Editor’s note: The following essay was submitted by Lovefraud reader “Presseject.” This is part two of his story. Part one was posted yesterday.
By Presseject
About two weeks after I confronted my S, there was a very dark day in which I was cut to pieces. I am okay now recalling it, but at that time, and for many weeks afterwards, it was like a knife in the heart. I would like to share a bit further with you the silver lining to this part of the story and how that relates to the good work you have done with the site. You see, it went like this:
I had my S visit and stay with me for my birthday weekend. He presented me with fun gifts and a card that included the words signed with “tons of love.” We had been dating for over six months at that point. (This included all the fun, spontaneous “impulsive” trips and arrangements including our visits to Miami, Key West, Palm Beach, Washington DC, New York City, Toronto, and London Ont.) But… while he was staying with me that last visit on my birthday, I happened to glance over at his laptop and saw a heading in his email program on a received email from what I thought was a dating website.
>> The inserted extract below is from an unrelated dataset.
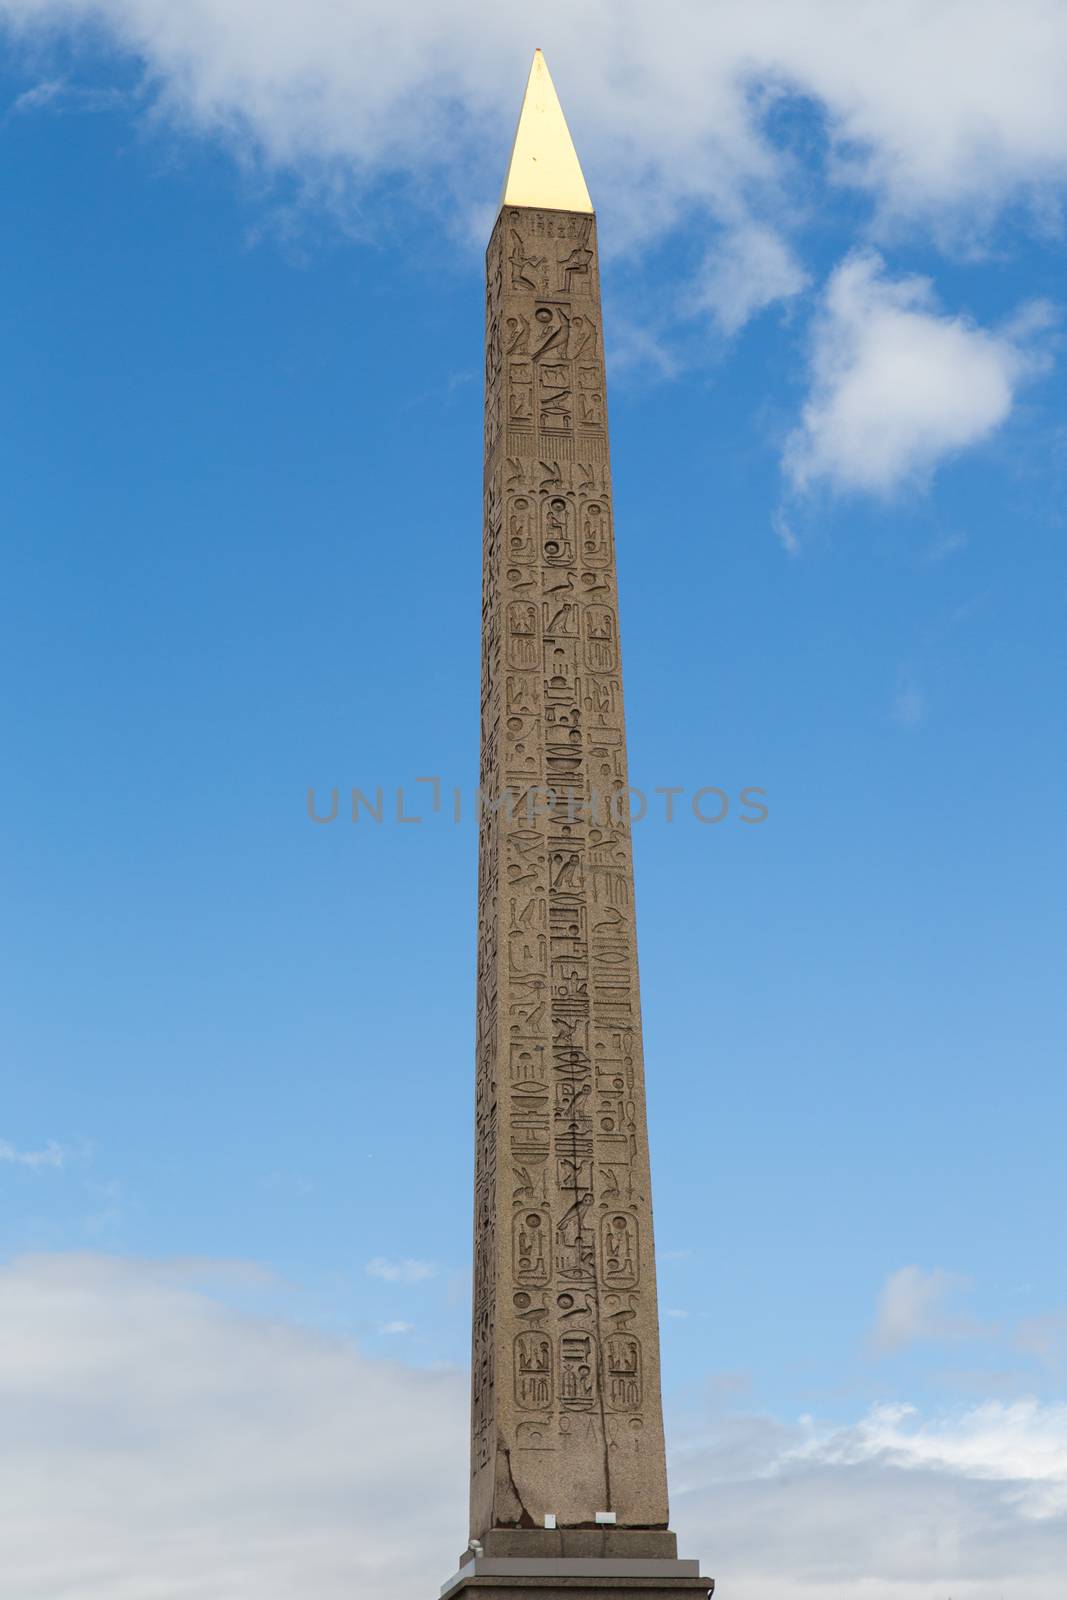 The obelisk at the place de la concorde in Paris

So naturally I questioned it and I was told it was no one he knew, that sometimes he visited the site but wasn’t meeting anyone. A real nice birthday surprise!
After he went back, I found the site, having memorized the name of it in the email heading. To find his profile, I had to create one for myself. Once I did this, I saw he was very active at the site, logging in each day and the profile was marked as “looking for a relationship and/or one-on-one.” This left a sinking feeling in me. I thought we had a relationship, so again I needed to let him know it didn’t sit well with me. To do this though took even greater strength. I remember turning to God in prayer at that point to ask for that strength to find and face the truth, whatever it might be. And this was actually the beginning of my new relationship with God. Together with God’s help I knew I was going to get to the truth (I am still in this quest and I will continue this prayer) but little did I know it would turn my world inside out and leave me without the dream of love and feeling something others have described as being emotionally raped.
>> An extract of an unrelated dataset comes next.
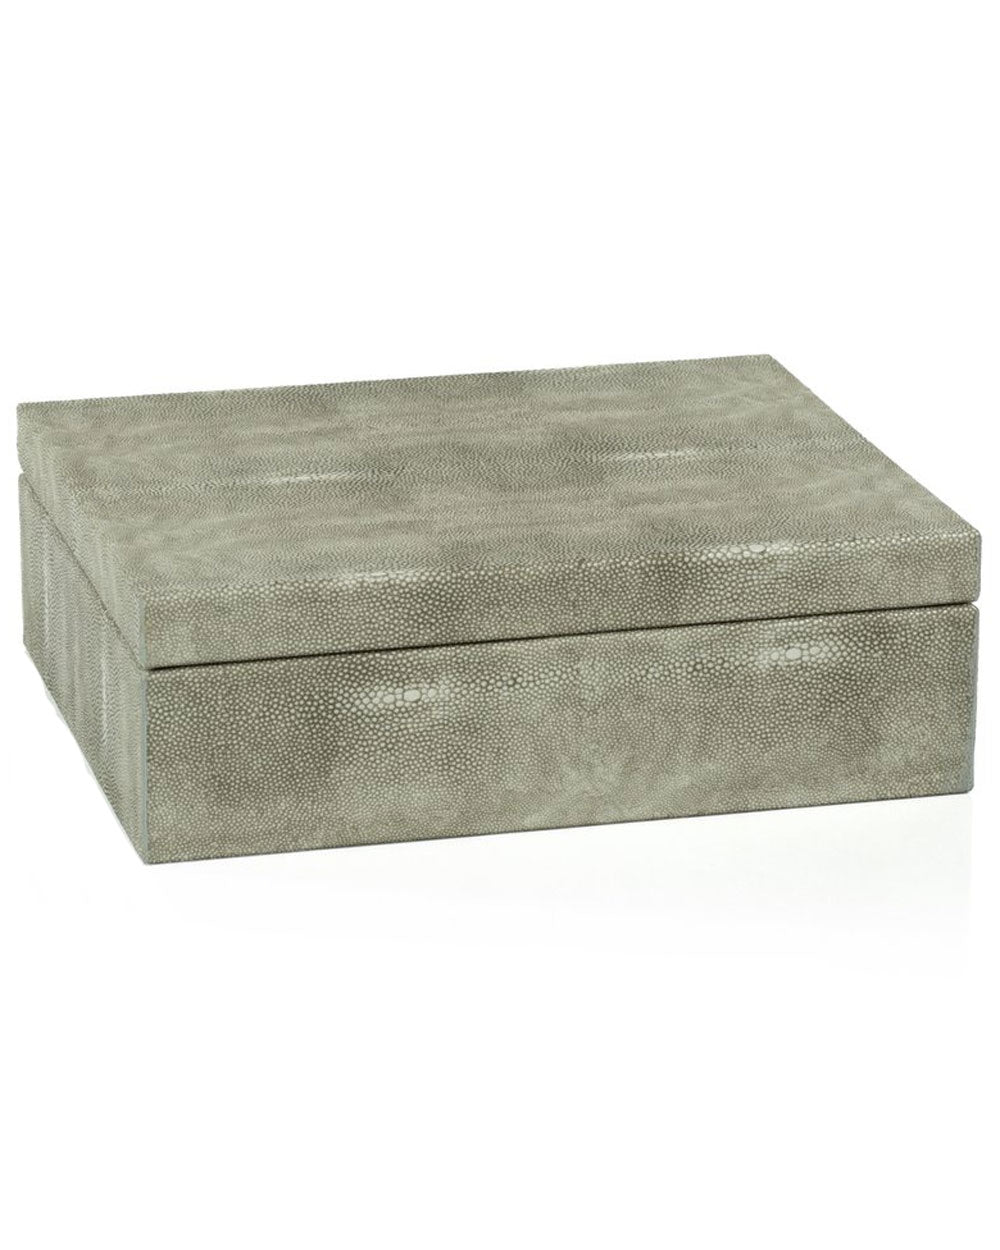 Moorea Shagreen Large Leather Box

The day I after I spoke with him about my feelings about the site and his profile which he said calmly he’d “take into consideration,” he sent three typical friendly emails, pictures of himself with family, links to fun websites, nothing out of the ordinary. That evening though, he called and said it was over. He was going to try to find someone closer to where he lived possibly. He said he couldn’t explain me to his family although oddly, a few months prior, he had introduced me affectionately to each and every one of them! I was stunned and expressed my shock, especially after all the birthday gifts and words of love shared the week before. That sinking feeling was the Titanic going down then. To be discarded so quickly without much of a sound reason was baffling and horrible all at the same time.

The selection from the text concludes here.